January 19, 2012
3 Inside Secrets to Marketing Your Music By: Dana McMenamin Trying to make it big in the entertainment industry can be a grueling and arduous process. Hearing “no” so many times can be the breaking point on giving up your dream. But what aspiring artists don’t realize is the fact that there are many opportunities given and certain skills that need to be acquired to reach the goal of stardom. These three secrets will help boost your confidence and make you realize why you can pursue your dreams. First you need to realize that there is marketing potential everywhere. Think like an entrepreneur; look around your environment and notice that you can make money from what you see. Musicians, in the same way, should have this same instinct: to know what sells and what doesn’t. Direct all your energy on what is going to have the greatest impression and you will build long term success and accomplishment. Second, you need to negotiate like no one’s business. I suggest that you never take a free offer, which usually ends up being your first offer. If you get a booking for a show, make sure you get the money you deserve. If you were able to get booked in the first place, it means that you have potential, so don’t let the concert promoters sell you short, because they might try to get you for a price that is below what you are worth. Although you love to perform and would do it just as easily for free, you cannot and must not accept that offer. If you do accept the offer, it will highly affect your image as a musician, not to mention as a serious musician, and you may have a hard time stating your price in future bookings. You need to identify your worth and request a price that you deserve.
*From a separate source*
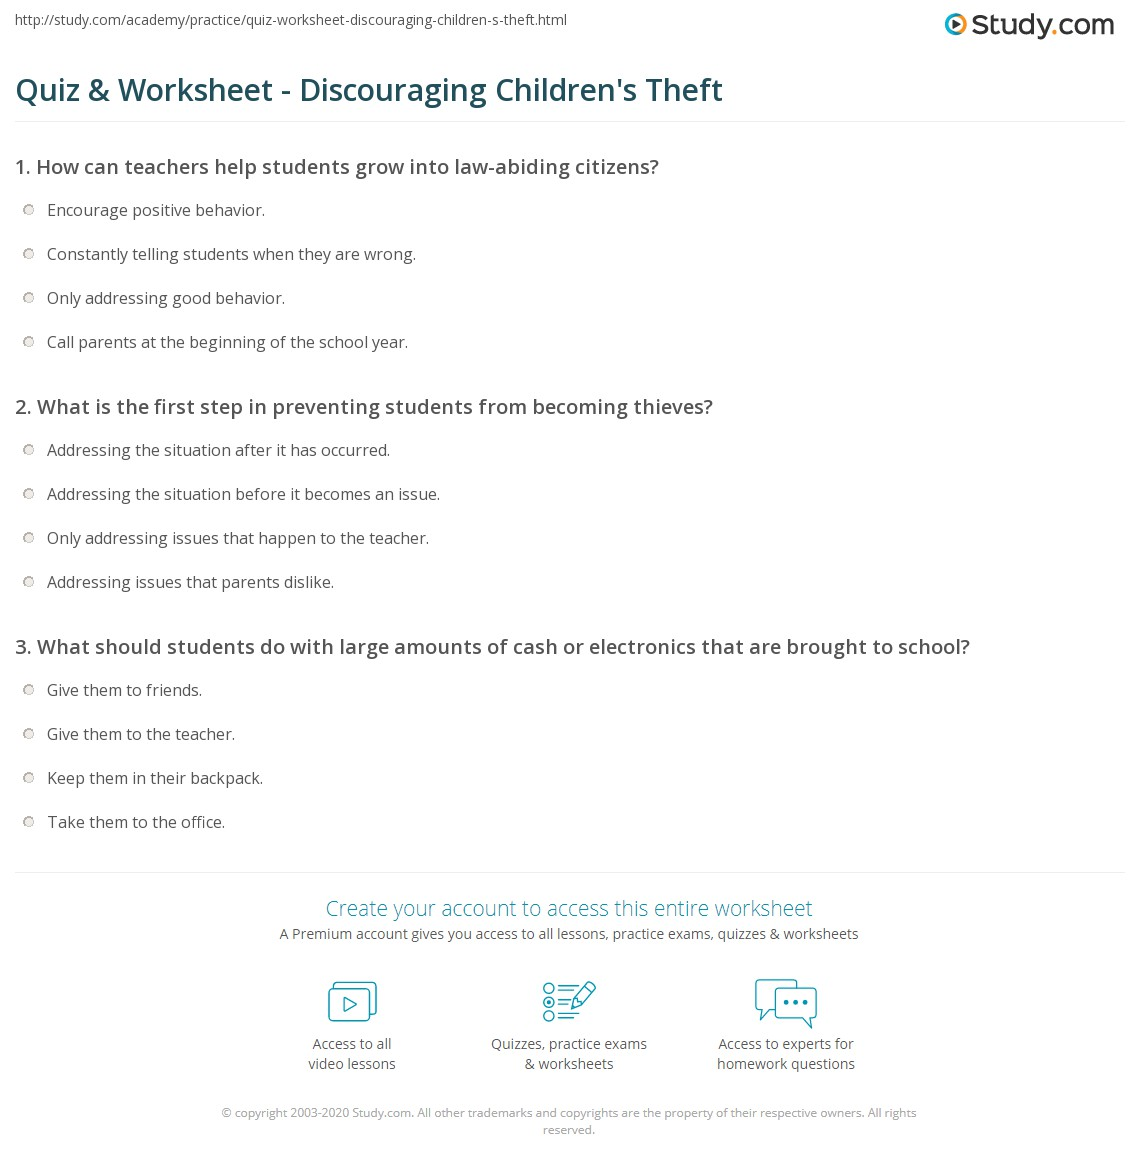 Quiz & Worksheet - Discouraging Children's Theft | Study.com

January 19, 2012 Third, to not overwhelm the music executives, you must keep it simple when selling your music. I would suggest word of the mouth. It really does work like magic and brings about a sense of fascination. When your music starts to get popular, as in you start to sell out smaller local clubs, you should move to a bigger venue and charge a little extra for tickets. You do not want to drown out your execs, because they might get tired of your tactics. But if you keep it simple and slowly start changing up your popularity, this will increase your income little by little and more people will get a chance to hear your music. Changing your venue to different places, but in the same general area, will also reach new fans. This helps your music selling by getting new faces to hear and see your music, keeping it fairly simple. And you never know, those new faces might be music executives looking for new talent.